*** Data excerpt ***

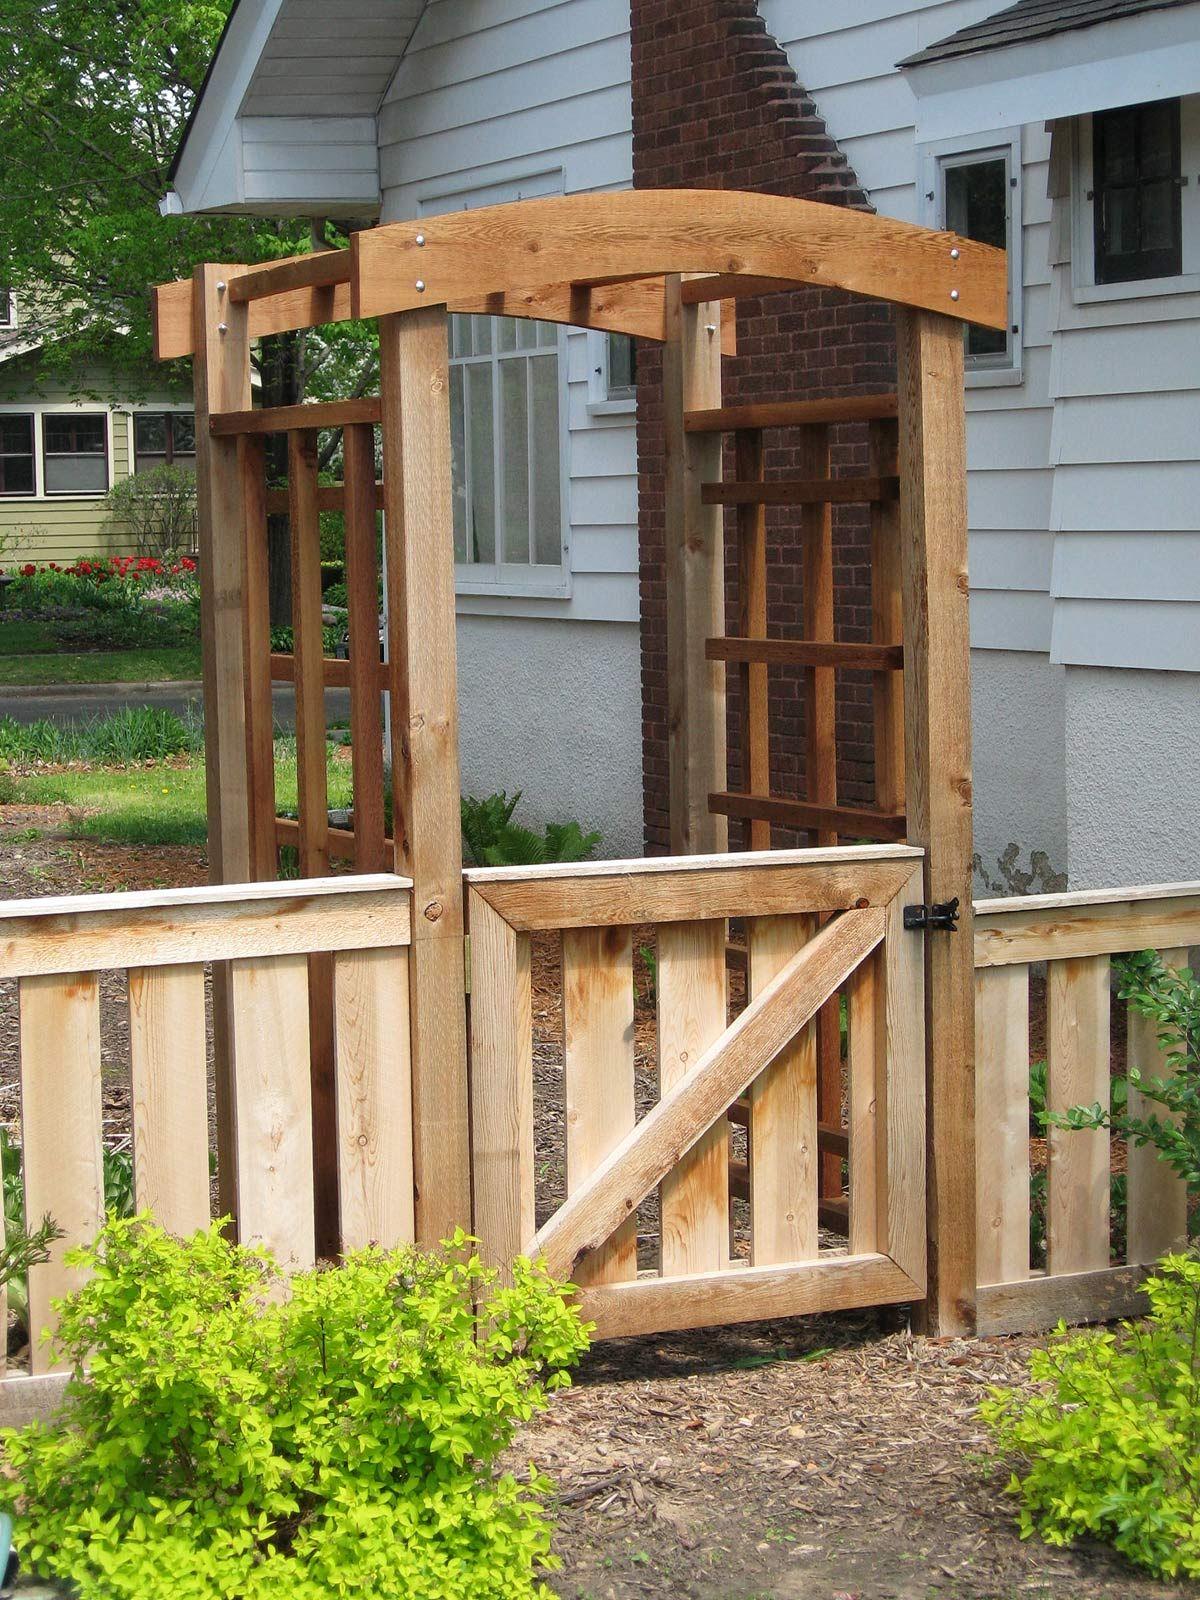 Making Bentwood Trellises Arbors Gates Fences Garden
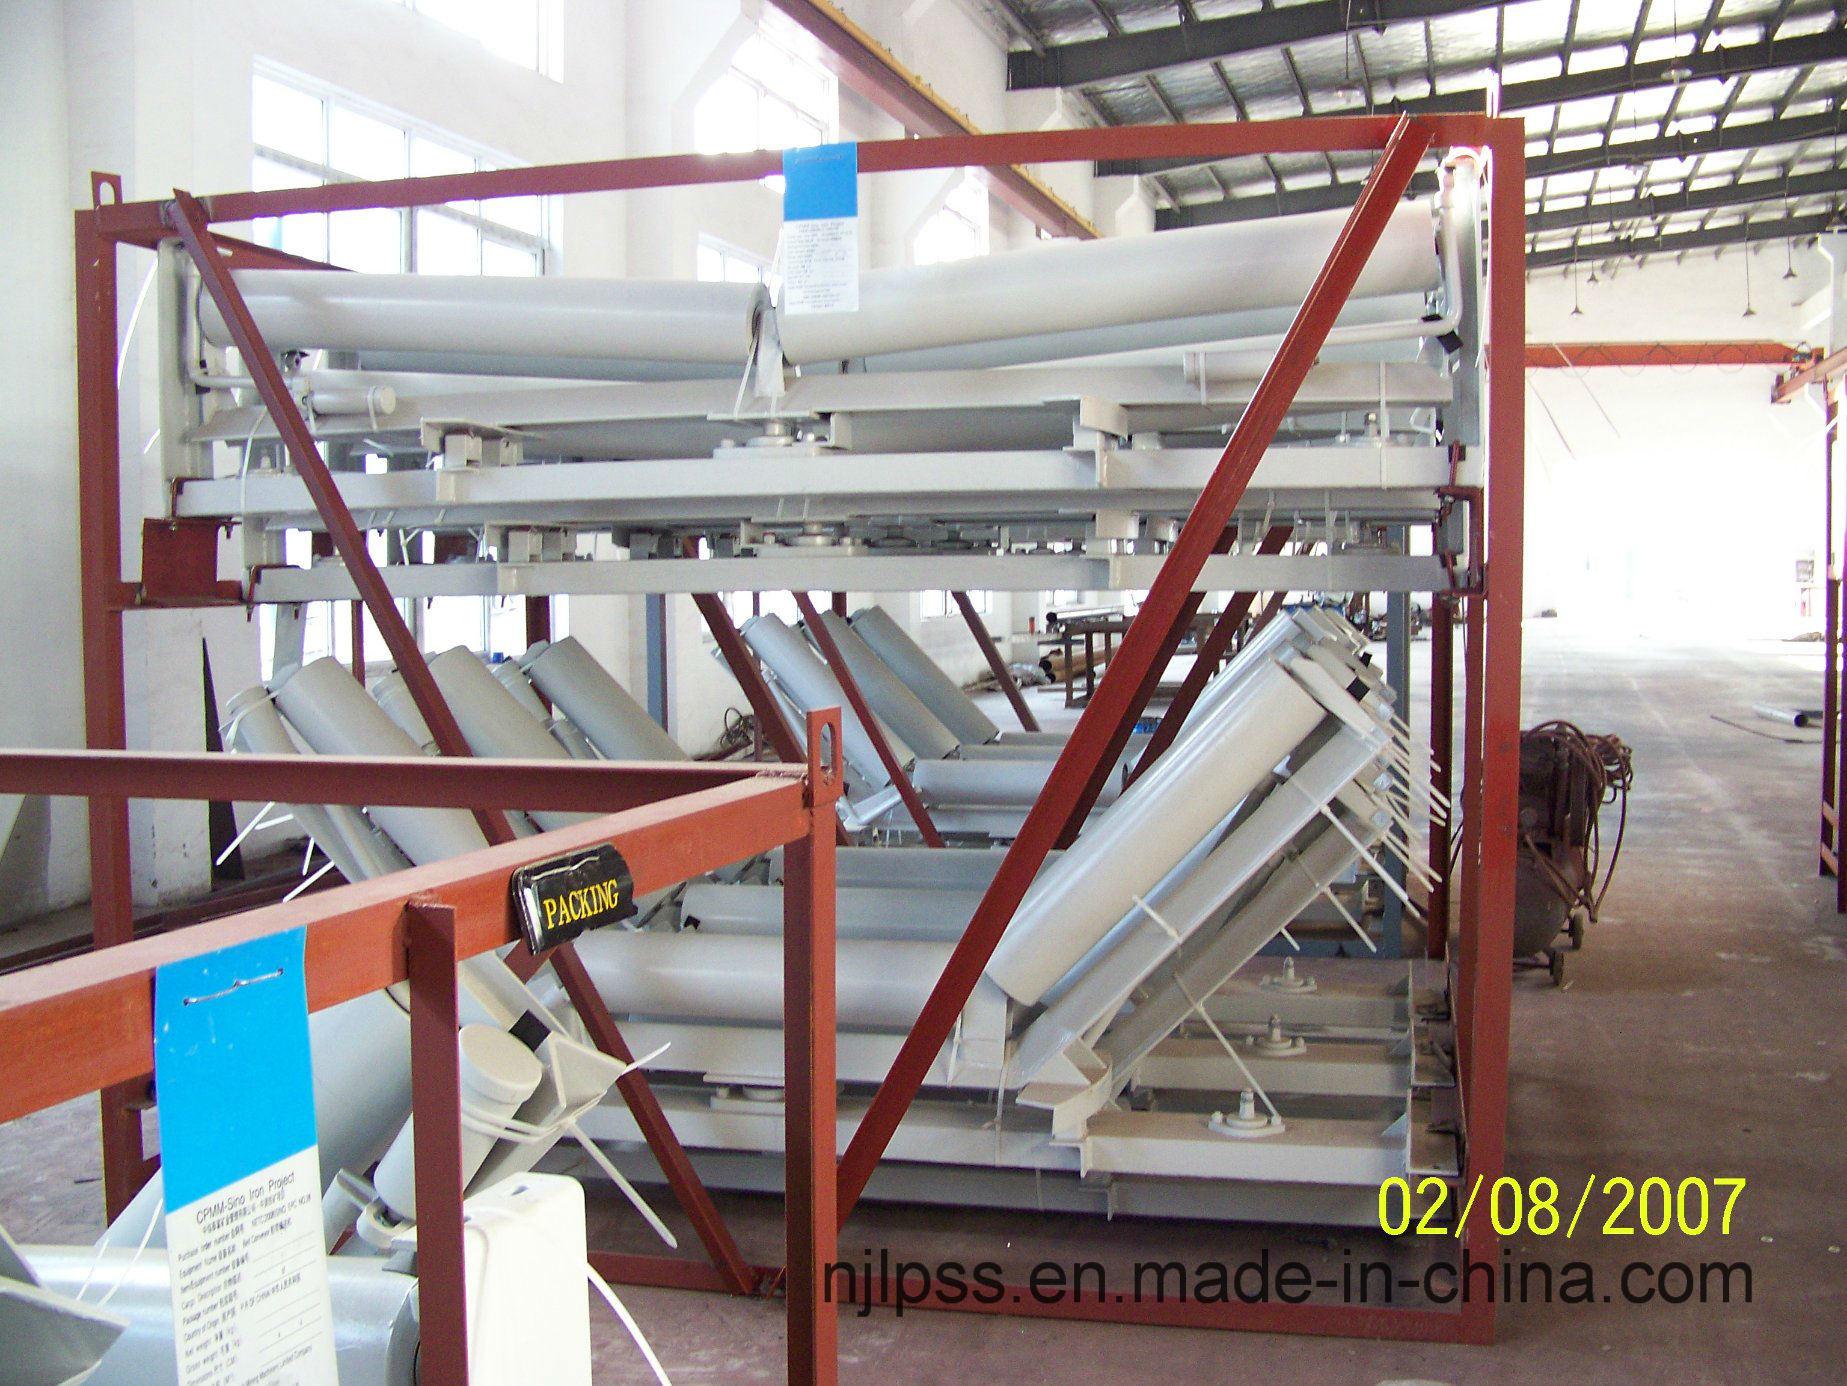 Carrier Self Aligning Roller Group for Belt Conveyor Zds-S-2
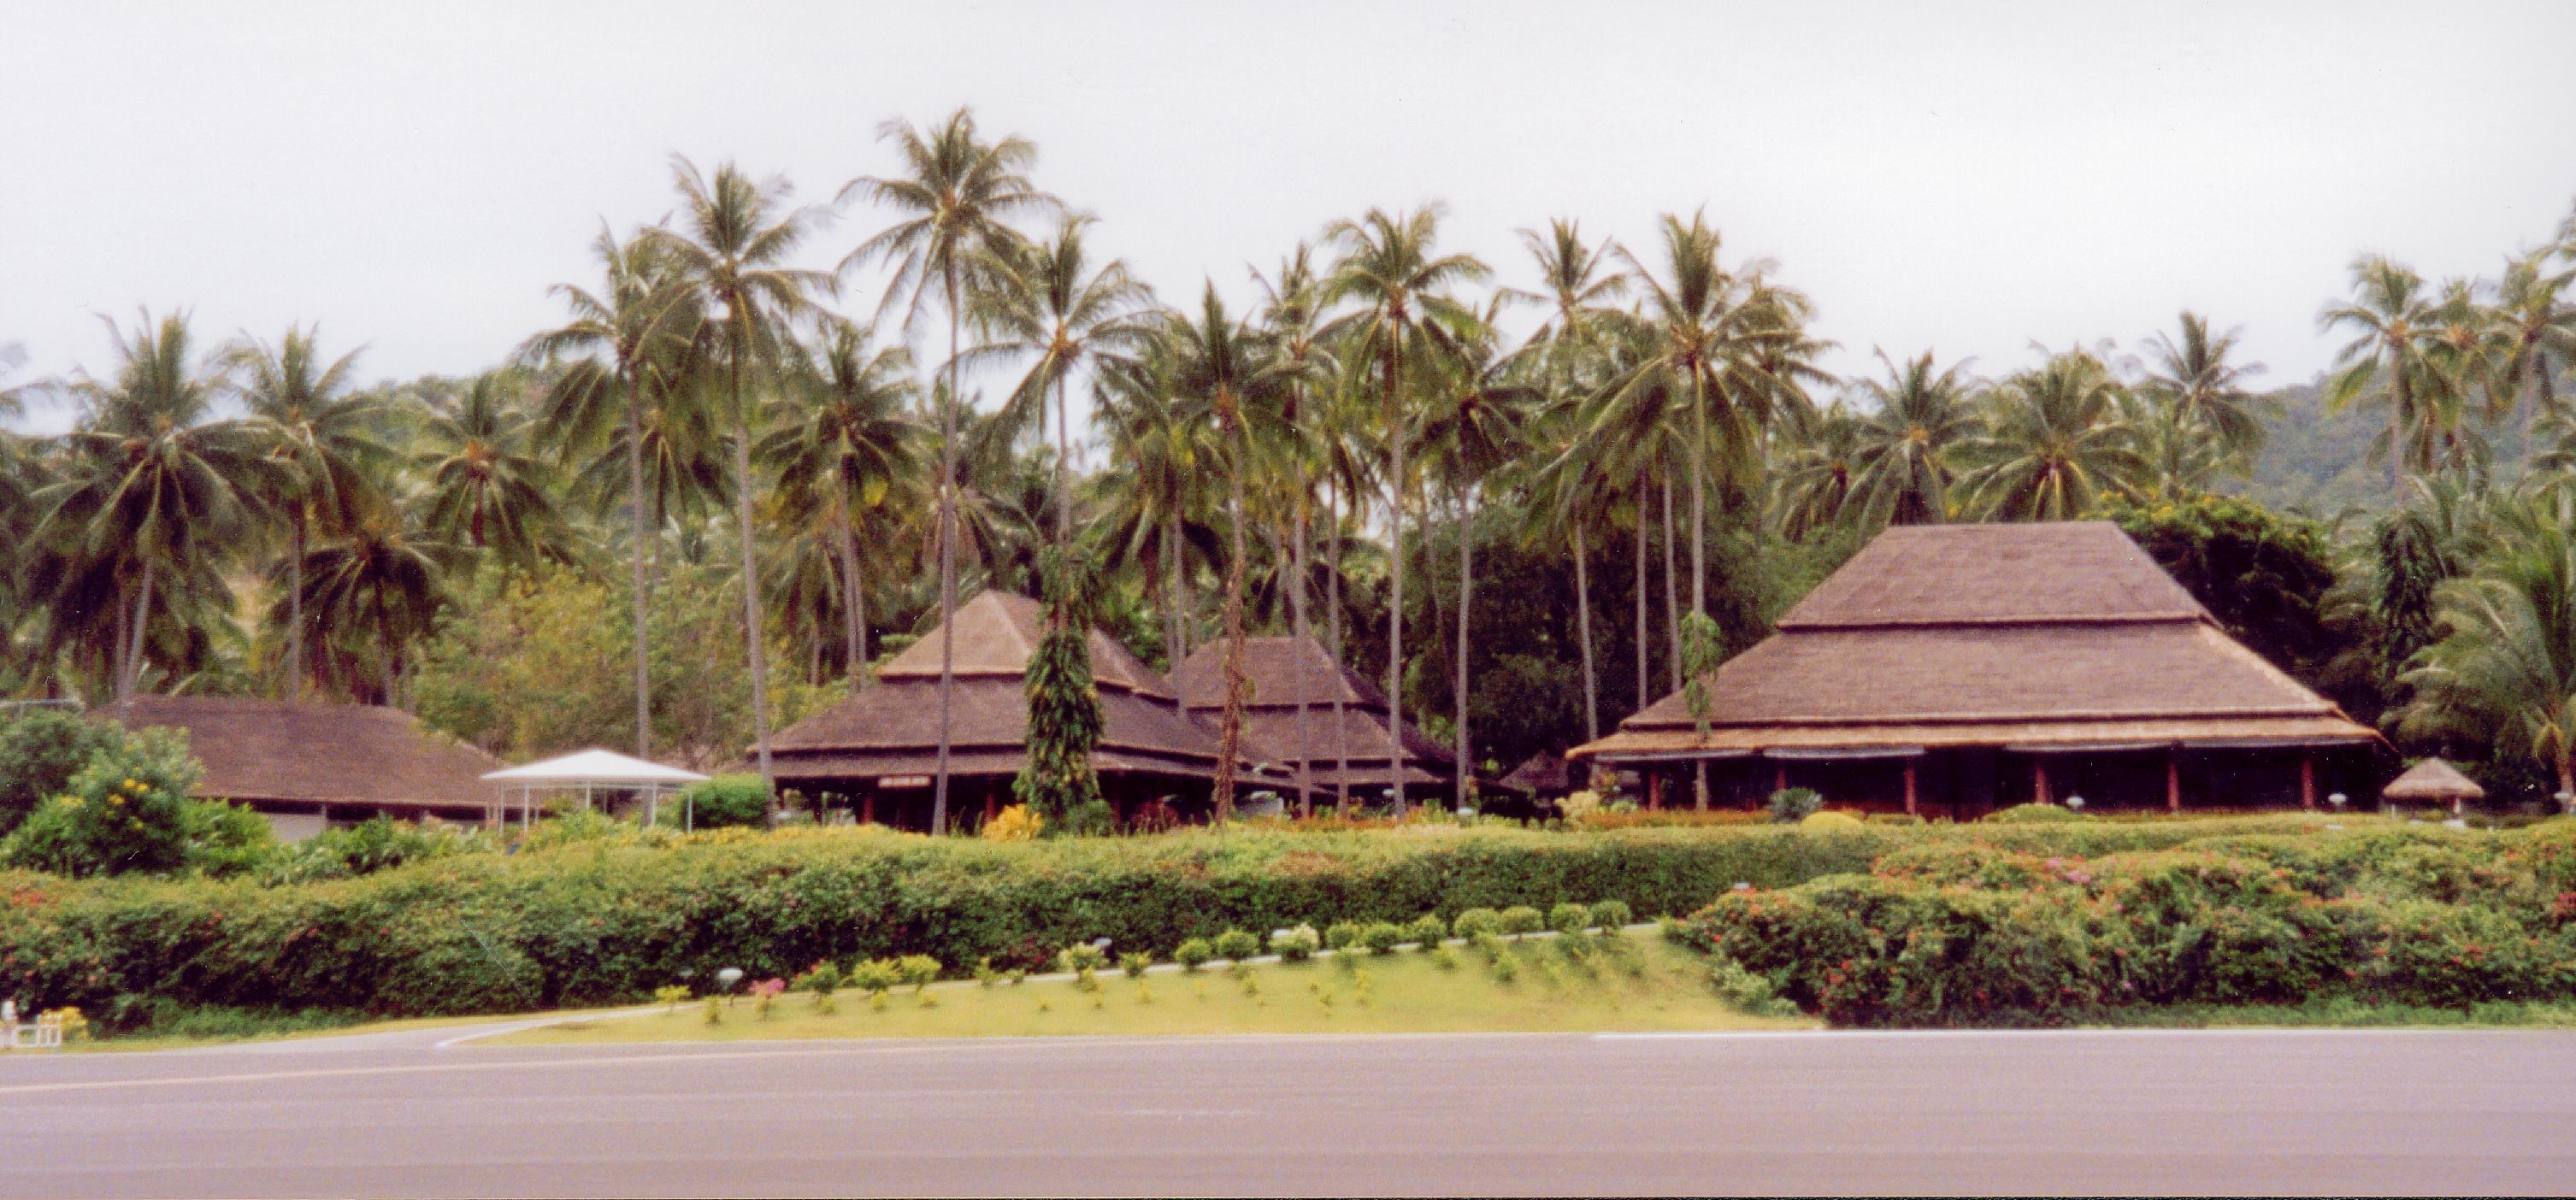 Aeroporto Koh Samui : File koh samui airport g wikimedia commons

*** End of Data excerpt ***

**What to work on:**
Transcribe, please, the lines from the one holding "Carrier Self Aligning" to the final line of the material, both included, exactly and with no extra lines, and skip the pictures.

**Solution to the problem:**
 Carrier Self Aligning Roller Group for Belt Conveyor Zds-S-2
 Aeroporto Koh Samui : File koh samui airport g wikimedia commons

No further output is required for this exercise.